▶ **Task material**
*** Block opens ***
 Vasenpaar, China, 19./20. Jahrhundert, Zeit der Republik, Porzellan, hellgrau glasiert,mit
*** Block closes ***
*** Block opens ***
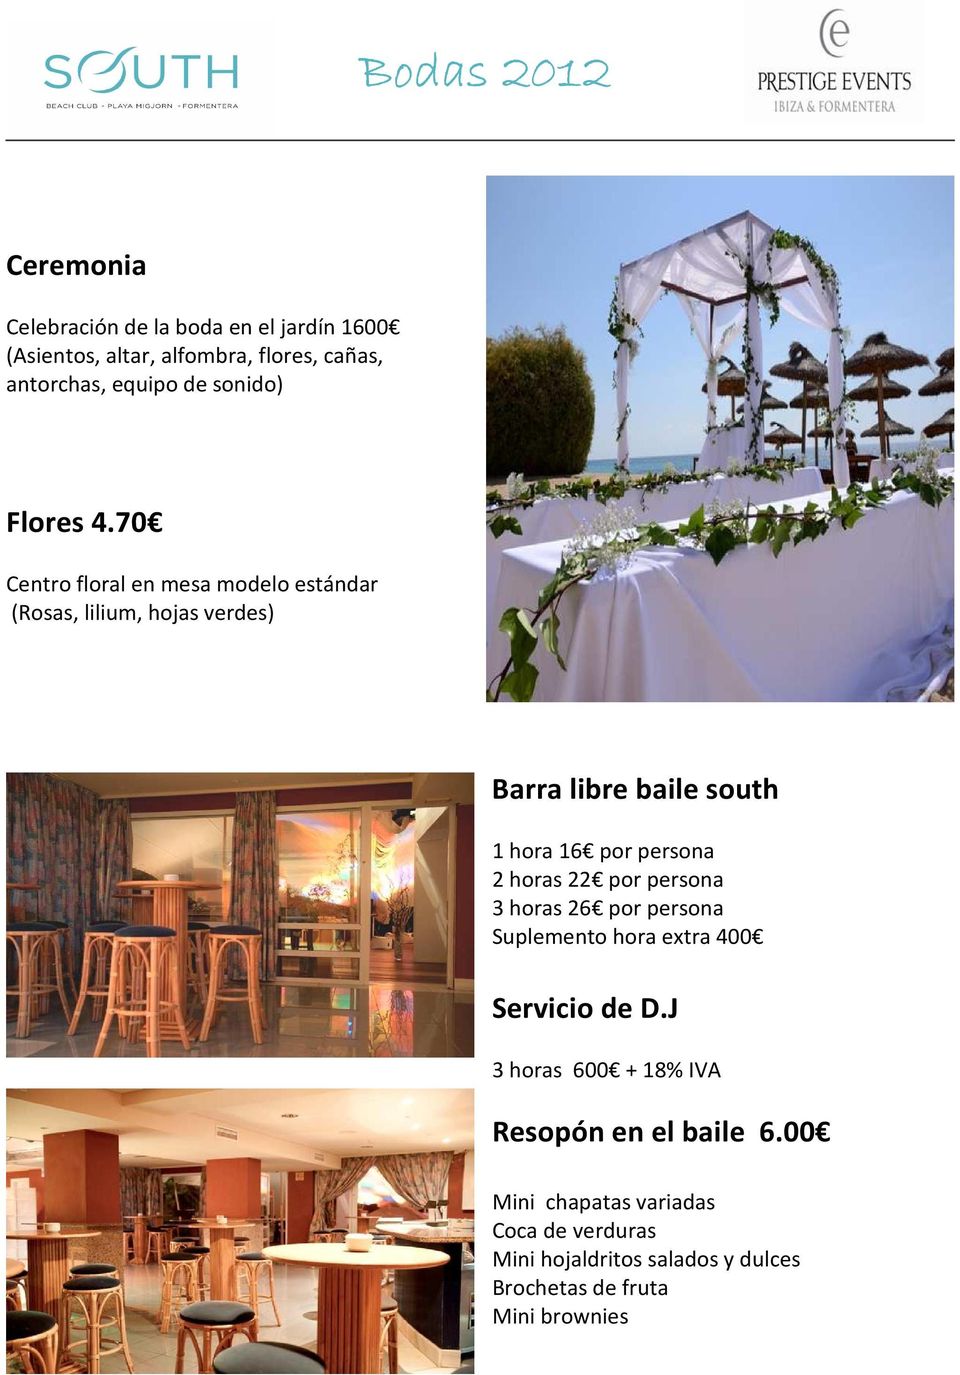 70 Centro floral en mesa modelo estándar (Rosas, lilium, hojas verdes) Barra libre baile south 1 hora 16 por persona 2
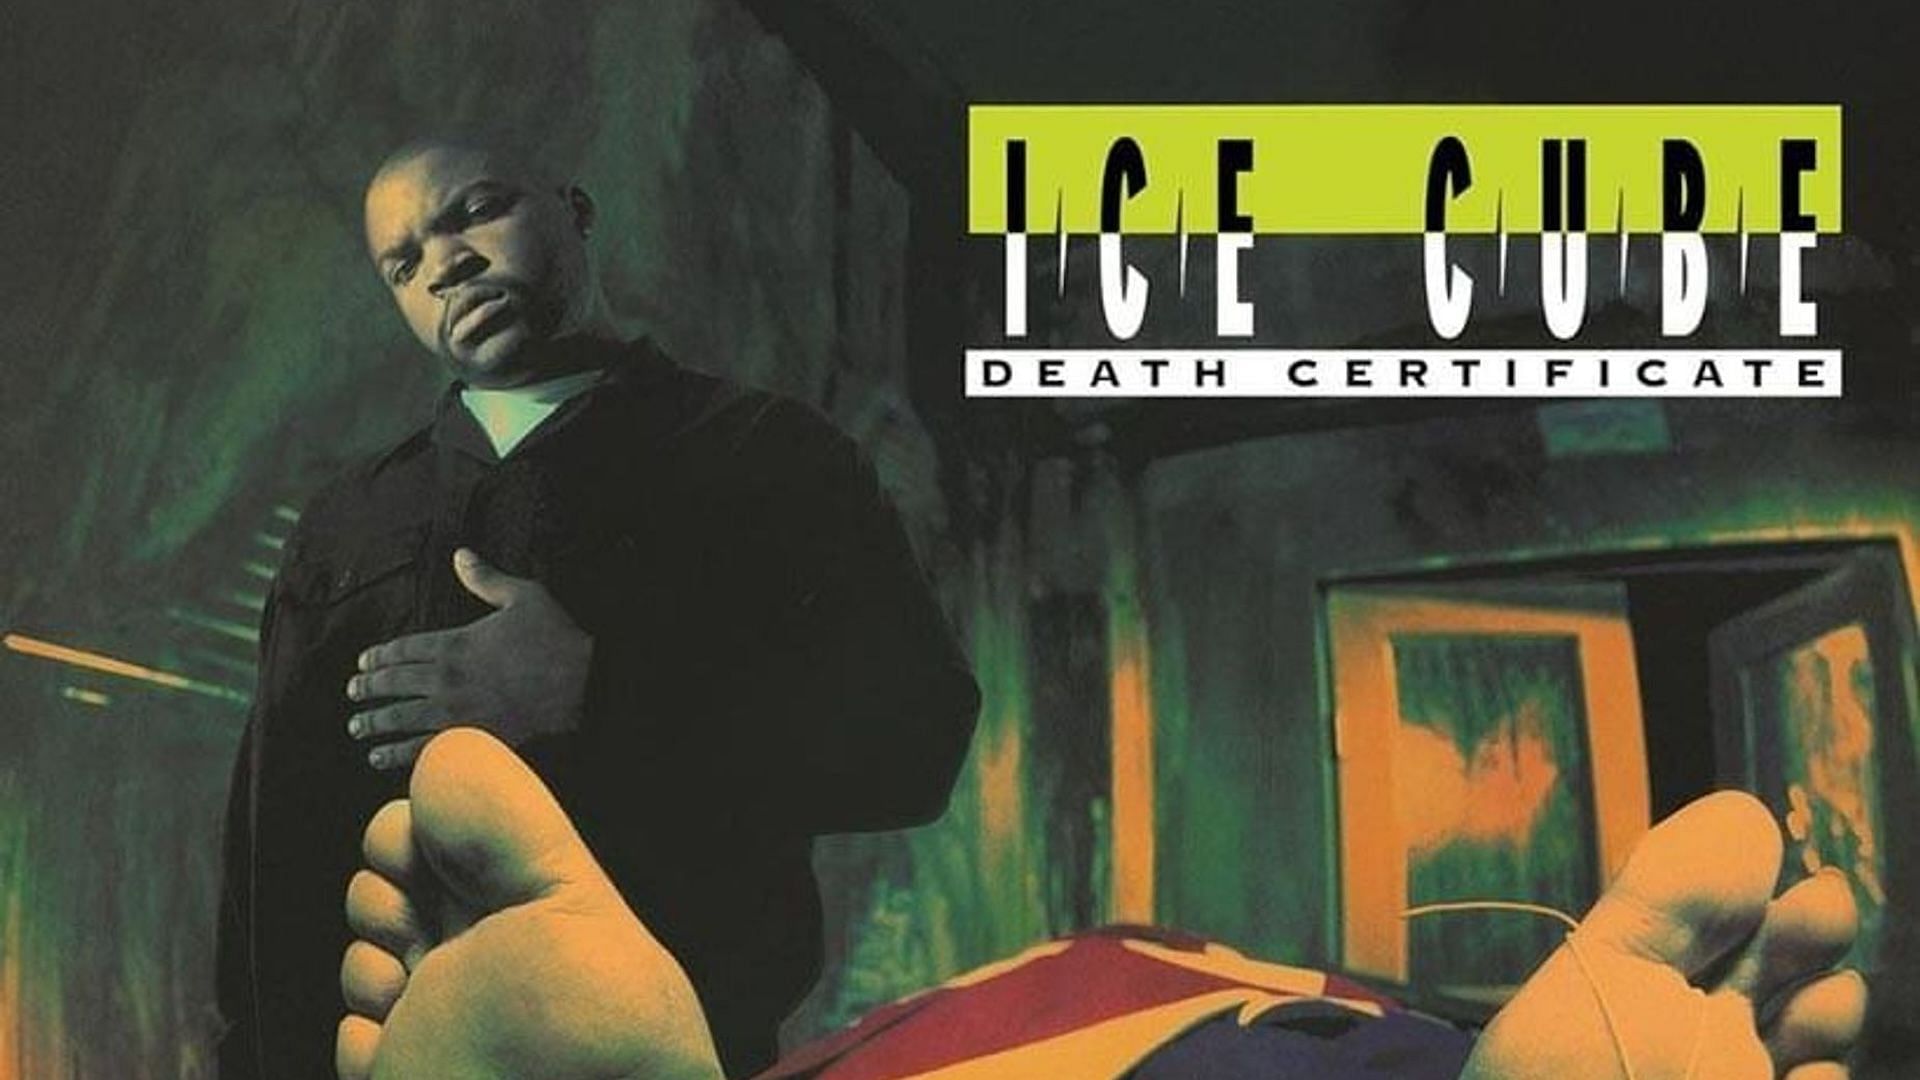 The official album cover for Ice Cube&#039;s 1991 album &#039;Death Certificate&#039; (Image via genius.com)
*** Block closes ***
▶ **Assignment**
In the listing above, find the line with "70 Centro floral" and the line with "The official album". Output both, plus every line between them, and no pictures.

▶ **Solution**
 70 Centro floral en mesa modelo estándar (Rosas, lilium, hojas verdes) Barra libre baile south 1 hora 16 por persona 2
 The official album cover for Ice Cube&#039;s 1991 album &#039;Death Certificate&#039; (Image via genius.com)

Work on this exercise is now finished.